В отличие от Рубнера, Шмидт прочел свою речь 11 октября, в разгар юбилейных празднований, перед кайзером, высшими имперскими чинами, деканами, профессорами и иностранными делегатами. Его выступление началось с упоминаний памятников Вильгельму и Александру фон Гумбольдтам, воздвигнутых в 1882 и 1883 гг. по правую и левую стороны от входа в главное здание университета на бульваре Унтер-ден-Линден. Шмидт назвал В. фон Гумбольдта символом гуманитарного знания, а его младшего брата Александра – естественнонаучного18. Не стала ли эта аллегория началом истории «гумбольдтовского мифа»? Скорее всего нет. Шмидт не был первым, кто использовал подобную персонификацию в торжественной речи. В 1883 г. то же самое сделал еще один ректор Берлинского университета – Э. Дюбуа-Реймон19. Памятники двум Гумбольдтам стали темой его выступления 3 августа, в день рождения прусского короля Фридриха Вильгельма III. История этих памятников уместилась в несколько первых минут речи. Остальное время занял панегирик, причем не Вильгельму, а Александру, заслугам которого, как посчитал оратор, долгое время не уделяли должного внимания. Вильгельма Дюбуа-Реймон все-таки охарактеризовал как талантливого дипломата и ученого, перечислив области знания, где тот успел отличиться: эстетика, филология, античная культура. Старший Гумбольдт удостоился ректорской похвалы и за то, что во время «нового рождения» (Neugeburt) Пруссии в начале XIX в. помог основать Берлинский университет, правда «настоящим» основателем был назван только один человек – прусский монарх20.
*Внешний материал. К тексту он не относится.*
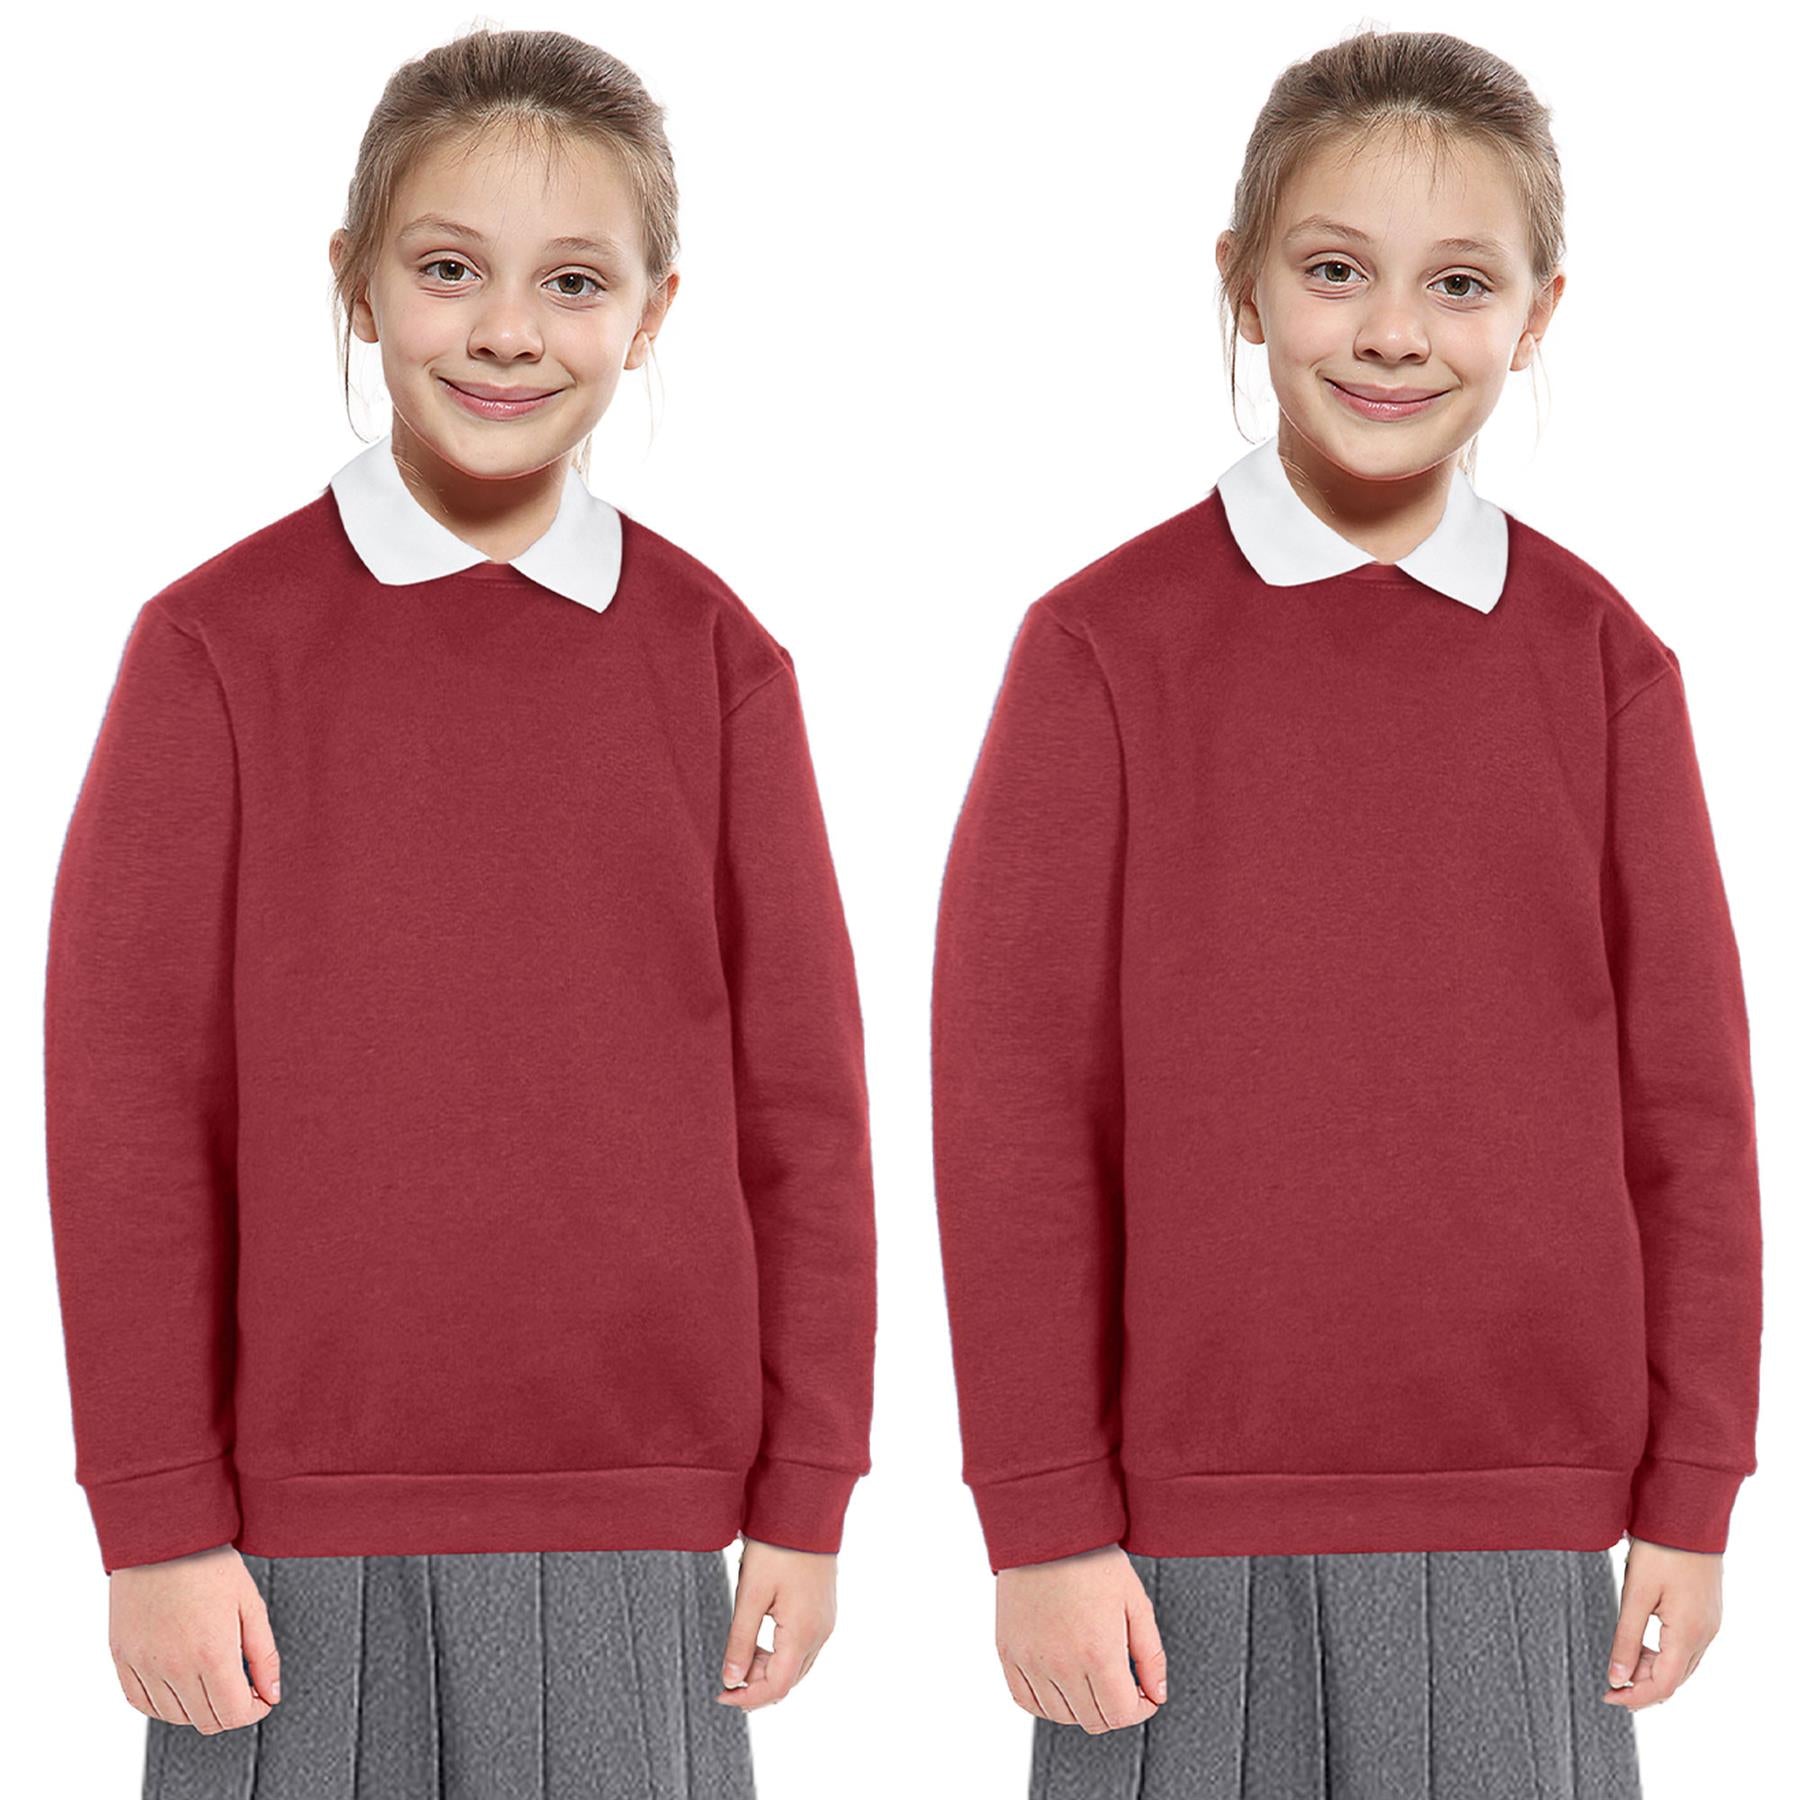 Kids Girls Boys Unisex Scouts School Uniform Jumper Pack Of 2 Cardi Sweatshirt

К концу ХIХ в. заслуги Вильгельма и Александра перед наукой едва ли кем-то ставились под сомнение. Первый был известен как дипломат и филолог, второй – как путешественник и естествоиспытатель. Отождествление братьев с гуманитарным и естественнонаучным знанием могло быть по душе многим образованным немцам, особенно представителям академического сообщества. С этой точки зрения, аллегории Шмидта не следует придавать большого значения. Его попытка приукрасить заслуги Гумбольдта перед высшим образованием – всего-навсего традиционная фигура речи, соответствовавшая празднично-му моменту, и вряд ли в ней надо искать потаенный смысл.
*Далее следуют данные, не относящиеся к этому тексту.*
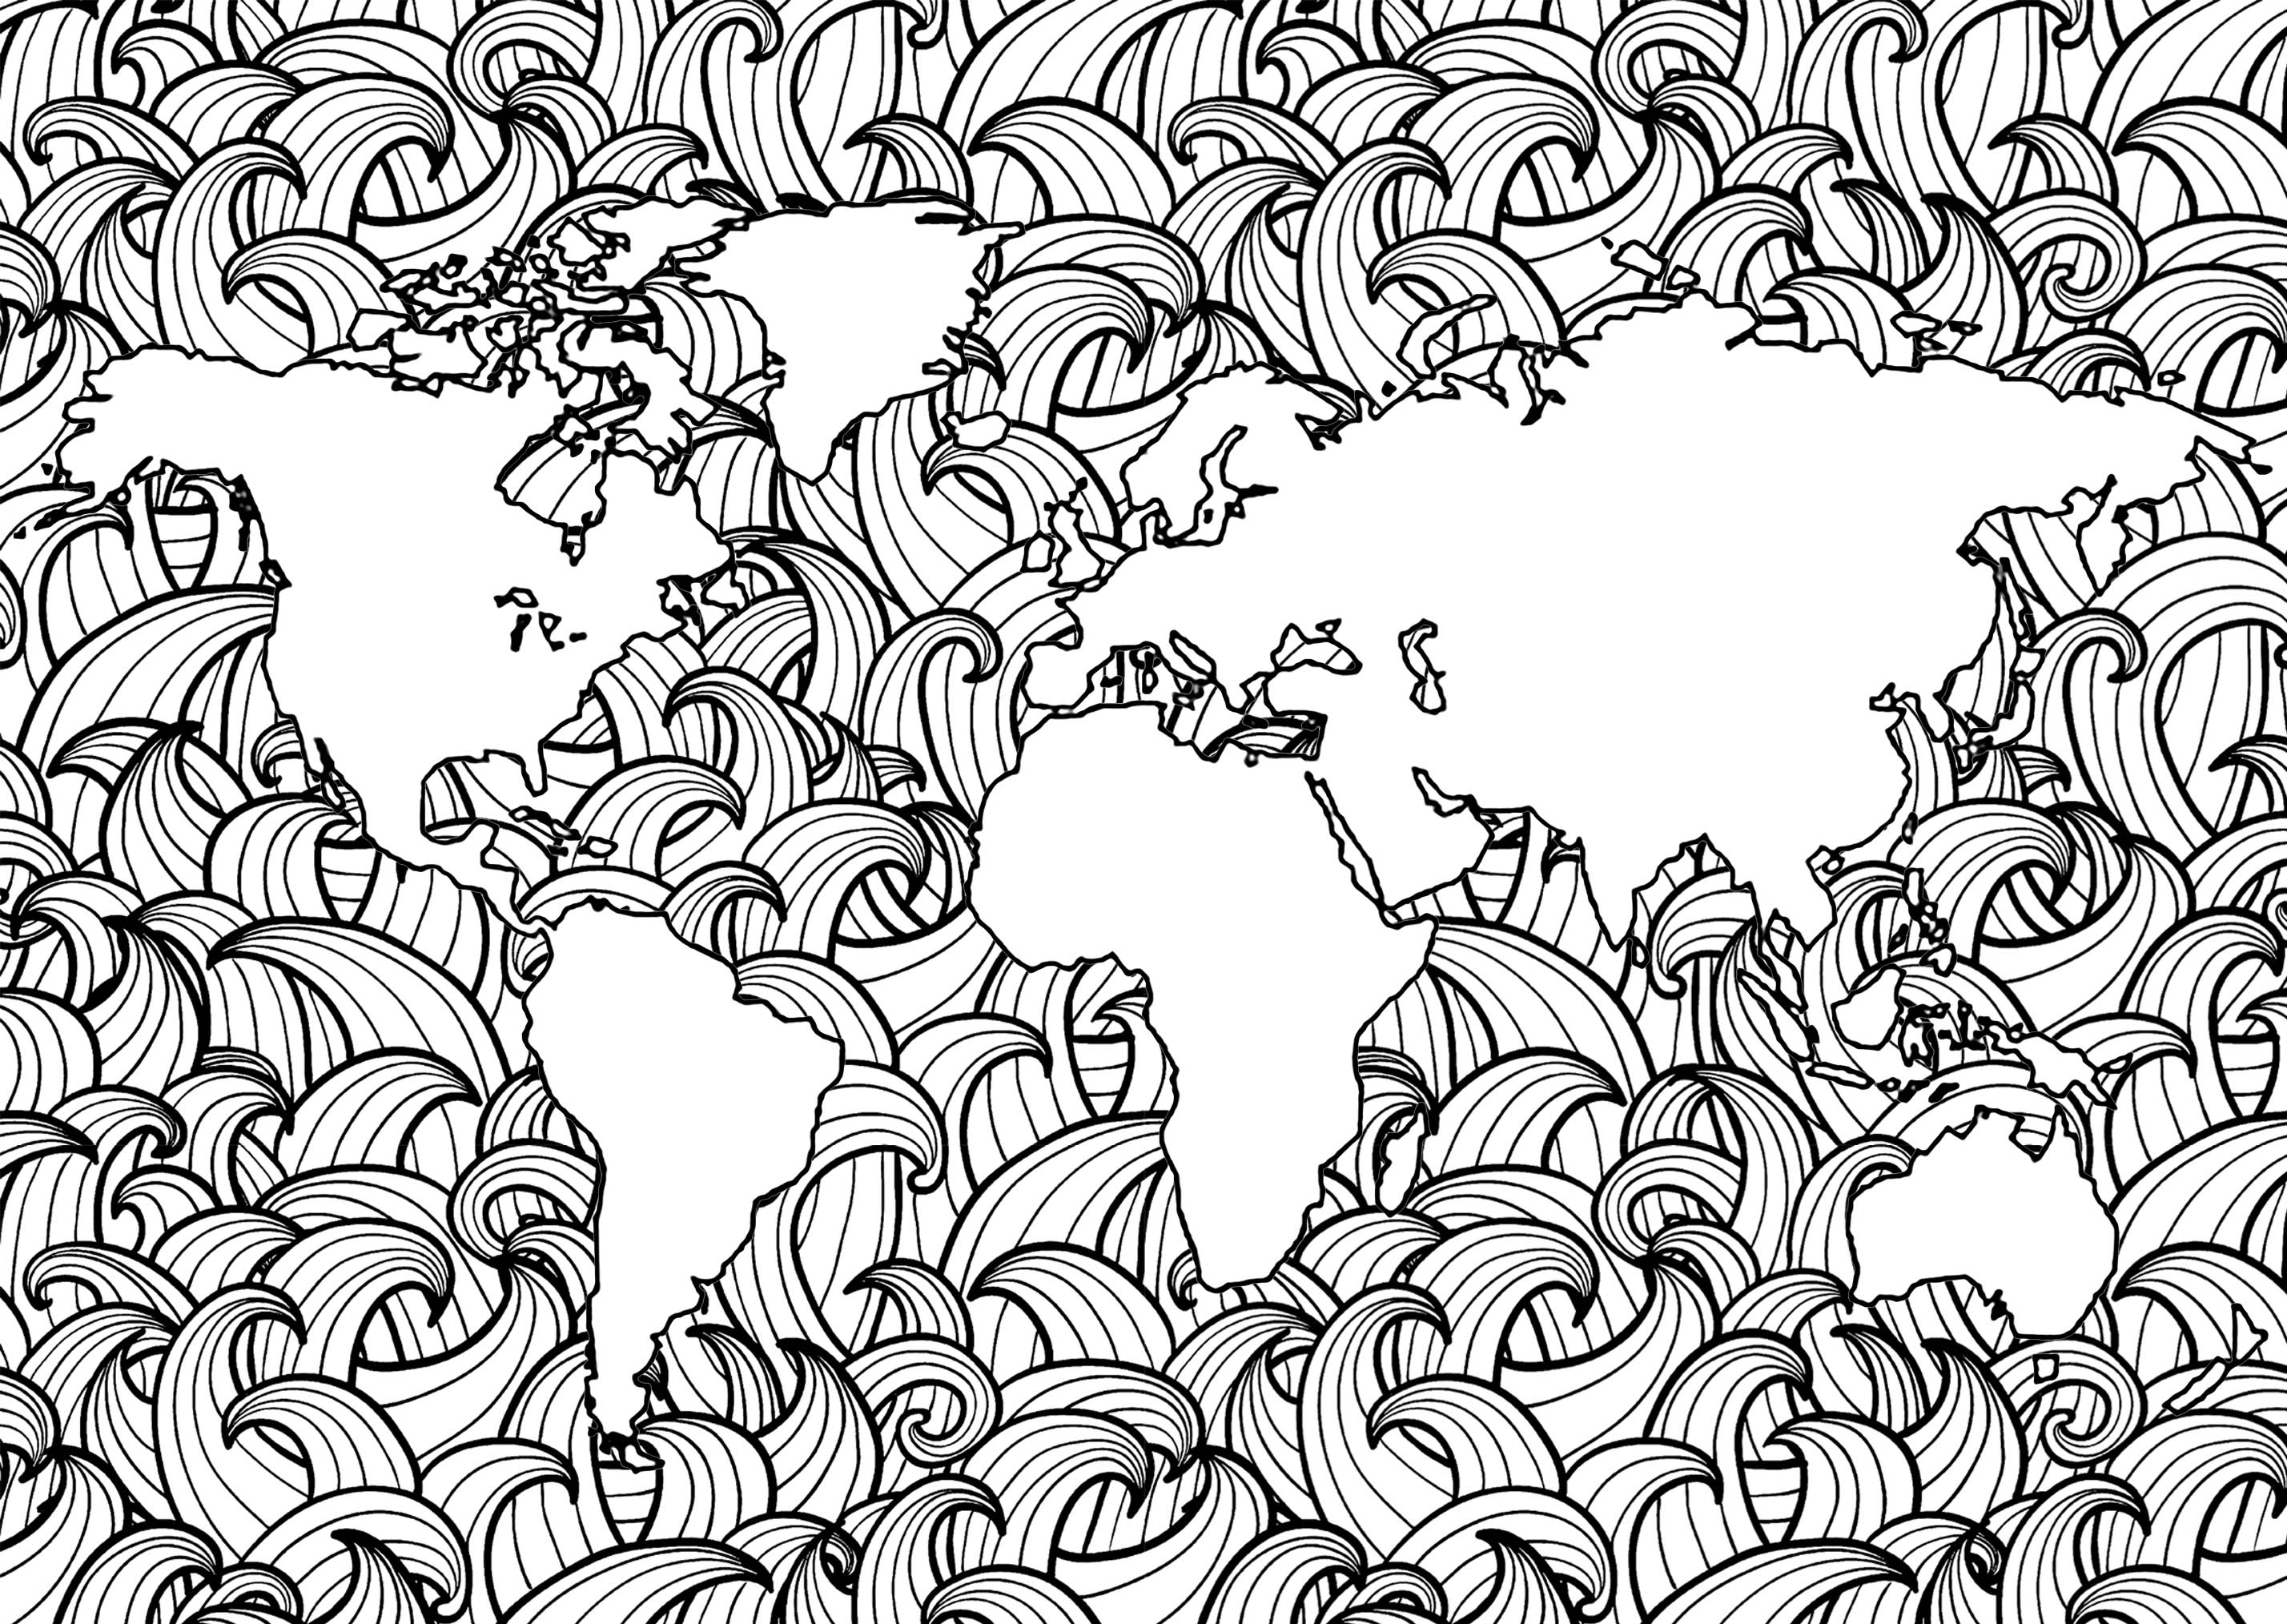 Planet Erde mit komplexen Wellenmustern in den Meeren, Künstler : Art'Isabelle

В выступлении Шмидта выделю один важный фрагмент. В нем В. фон Гумбольдт назван ученым, «который помог сохранить сущность многообразных гуманистических образовательных идеалов в те годы, когда старая высшая школа разлетелась на куски, и который обогатил и одухотворил эстетическое воспитание и языкознание»21. О вкладе Гумбольдта в образование и воспитание было известно в XIX в. очень мало, поэтому в речи Шмидта Гумбольдт, несомненно, предстал с новой и непривычной для академического сообщества стороны. Но какое событие могло вызвать эти перемены? Вероятная причина – публикация новых рукописей, найденных в архивах в 1890-е гг., в рамках работы над 25-томным собранием сочинений Гумбольдта, приуроченным к 200-летию Прусской академии наук. Празднование юбилея было запланировано на 1900 г. Собрание издавалось в течение всей первой половины ХХ в. В 1903 г. вышли первый том под редакцией историка литературы из Йенского университета А. Ляйцмана и десятый под редакцией историка Б. Гебхардта. В первый том, наряду с ранее известными сочинениями, вошли и неизвестные, например, по теории образования и сравнительной антропологии, написанные в 1791–1795 гг. Десятый том включал служебные бумаги, сохранившиеся с той поры, когда Гумбольдт возглавлял секцию культуры и общественного образования в Министерстве внутренних дел, среди них оказалась и записка «О внутренней и внешней организации высших научных учреждений в Берлине», тоже опубликованная впервые.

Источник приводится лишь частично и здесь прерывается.